这是一项随机、双盲、平行组、安慰剂对照试验。符合 DSM-IV-TR 原发性失眠标准的受试者被随机分配至每晚接受多塞平(DXP)1mg(n=77)或 3mg(n=82)或安慰剂(PBO;n=81)治疗 12 周。使用多导睡眠图(PSG)、患者报告和临床医生评分评估疗效。客观疗效数据报告了第 1、29 和 85 夜;主观疗效数据在第 1、4 和 12 周;以及治疗后第 2、4 和 12 周的临床总体印象(CGI)量表和患者总体印象(PGI)量表数据。在整个研究过程中进行安全性评估。

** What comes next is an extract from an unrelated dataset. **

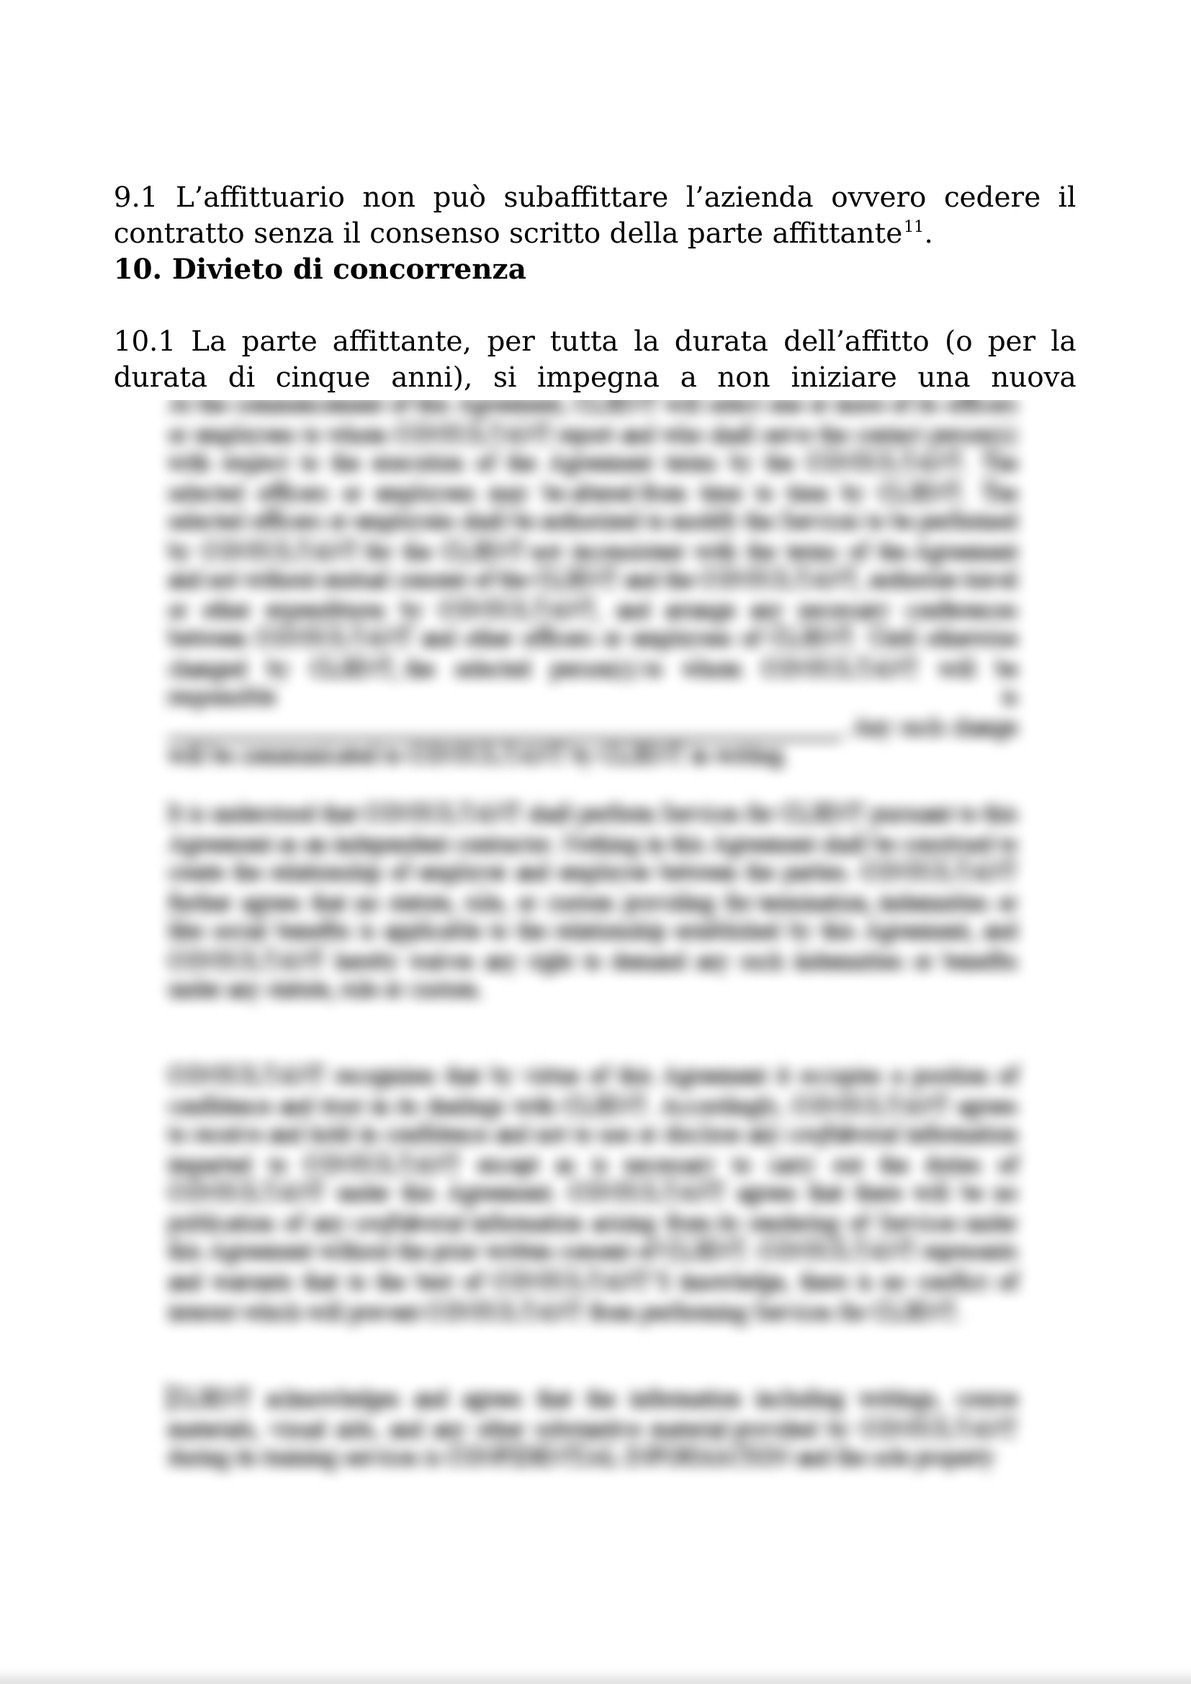 RENTAL AGREEMENT  FOR THE COMPANY AND BUSINESS UNITS / CONTRATTO DI AFFITTO DI AZIENDA O DI UN RAMO DI ESSA-4

与 PBO 相比,DXP 3mg 在第 1 夜的睡眠潜伏期后觉醒时间(WASO;P<0.0001;主要终点)、总睡眠时间(TST;P<0.0001)、总睡眠效率(SE;P<0.0001)、夜间最后四分之一时间的 SE(P<0.0001)和第 8 小时的 SE(P<0.0001)方面均有显著改善。在第 85 夜,所有变量均保持持续改善,WASO、TST、总 SE 和夜间最后四分之一时间的 SE 均保持显著。DXP 3mg 显著改善了患者报告的入睡潜伏期(第 1、4 和 12 周)、主观 TST(第 1、4 和 12 周)和睡眠质量(第 1、4 和 12 周)。几个与整体结果相关的变量也得到显著改善,包括 CGI 的严重程度和改善项目(第 2、4 和 12 周)以及 PGI 的所有 5 个项目(第 12 周;第 2 和 4 周后 4 个项目)。DXP 1mg 在几个指标上也观察到了显著改善,包括 WASO、TST、总 SE 和夜间最后四分之一时间的 SE,这些指标在几个时间点均有改善。停药率较低,3 个治疗组的安全性特征相似。无明显次日残留效应;此外,无记忆障碍、复杂睡眠行为、抗胆碱能作用、体重增加或食欲增加的报告。
多塞平 1mg 和 3mg 每晚一次给予老年慢性失眠症患者 12 周,可显著且持续改善大多数终点。这些改善没有伴随次日残留镇静或其他显著不良反应的证据。DXP 还改善了基于患者和医生的整体失眠症结果评估。鉴于老年人的主要睡眠抱怨是维持睡眠和清晨早醒,因此在这项研究中,使用的剂量的多塞平的疗效在睡眠维持和清晨早醒方面值得关注。这项最长时间的安慰剂对照、双盲、多导睡眠图试验为老年人失眠症的夜间药物治疗提供了迄今为止最好的证据,证明了老年人群中失眠药物的持续疗效和安全性。